Special Immigrant Juvenile Status (SIJS) is a pathway to legal status for young people under the age of twenty-one who, among other requirements, have been “abused, abandoned, or neglected” by “1 or both” of their parents. A uniquely bifurcated statute, youth must first receive “special findings” from their respective state court under the SIJS statute before they can apply for SIJS with the United States Citizenship and Immigration Services. Unfortunately, state courts do not follow uniform rules for issuing these findings. For children who reside with one parent, the lack of uniformity means that youth in one state may successfully receive these prerequisite special findings, while youth in another may not. Today, barriers to one-parent SIJS appear, for instance, when a petitioner seeks special findings alongside a dependency petition or to name the parent they reside with as their custodian.

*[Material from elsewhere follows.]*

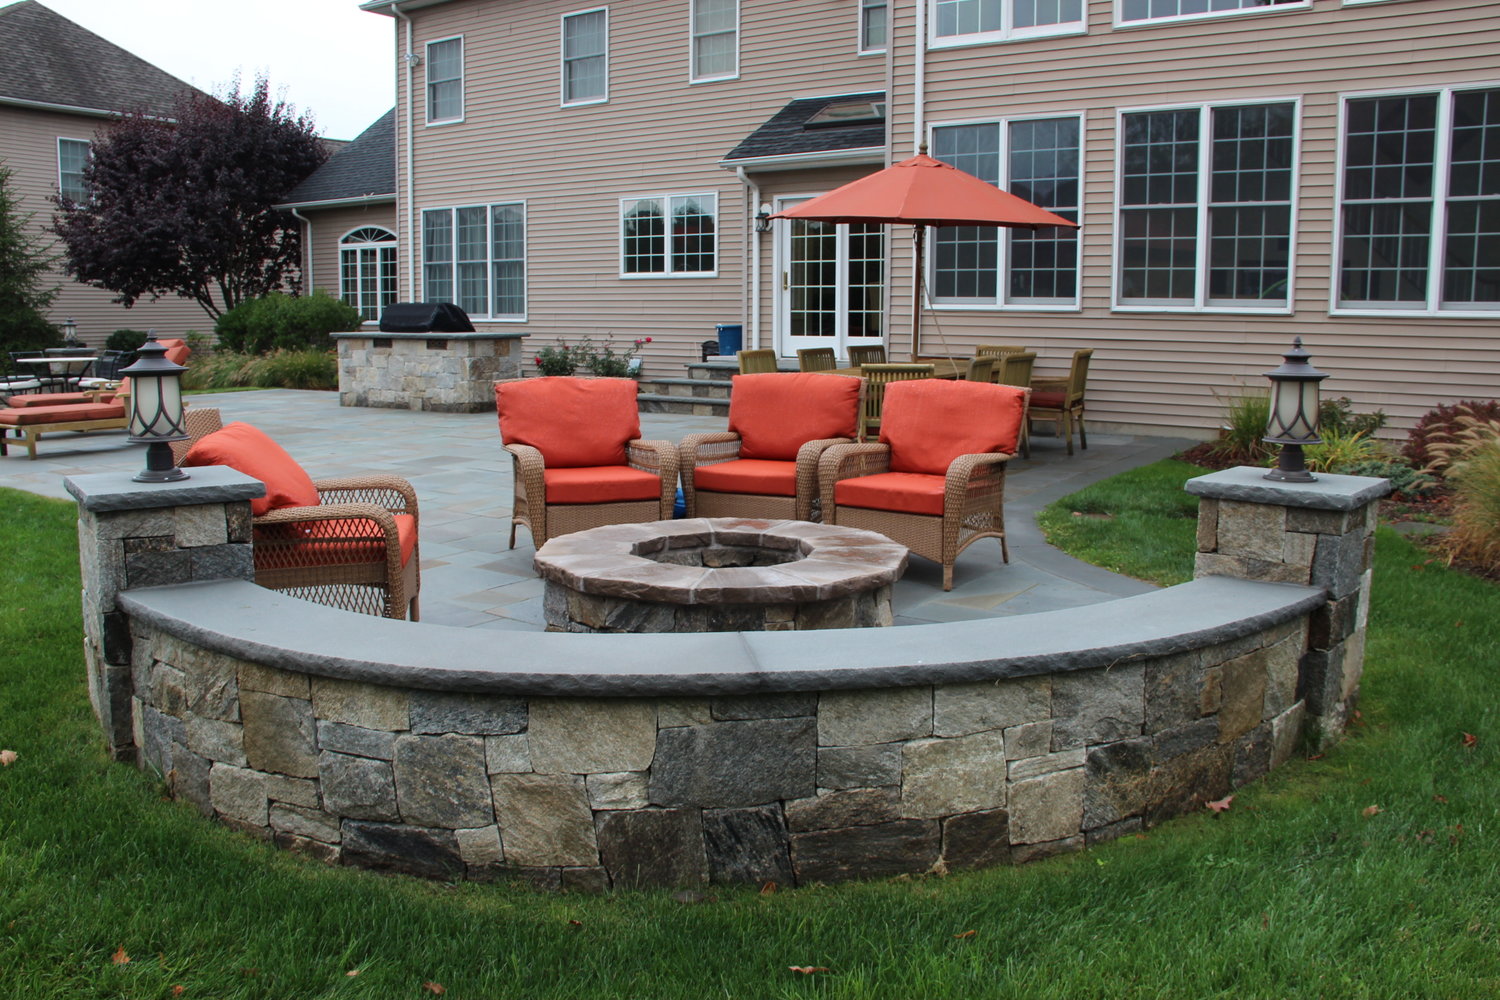 Fire Pit To Your Outdoor Patio, Pictures Of Patio Fire Pits

This Comment provides examples of current and recent barriers to one-parent SIJS for young people in Pennsylvania and Florida, comparing these states’ approaches to those taken in New York and Minnesota, two states that take a more welcoming approach to special findings in the one-parent context. Analyzing state court decisions, relevant state statutes, and scholarly arguments, this Comment identifies that barriers to one-parent SIJS include disagreements about what the SIJS statute actually requires, judicial hesitance to make custody, dependency, and/or guardianship determinations for immigrant youth with one parent, and simply put, judicial reluctance and discomfort with immigrant youth in the courtroom. Yet the family-law principles state judges rely on in determining whether a child has met all of the criteria to apply for SIJS, putting aside broader considerations of federal immigration relief, are substantially similar across states
In turn, this Comment proposes potential solutions including interpretations from states with strong support for one-parent SIJS, creative lawyering catering to judicial preferences, and state legislative advocacy.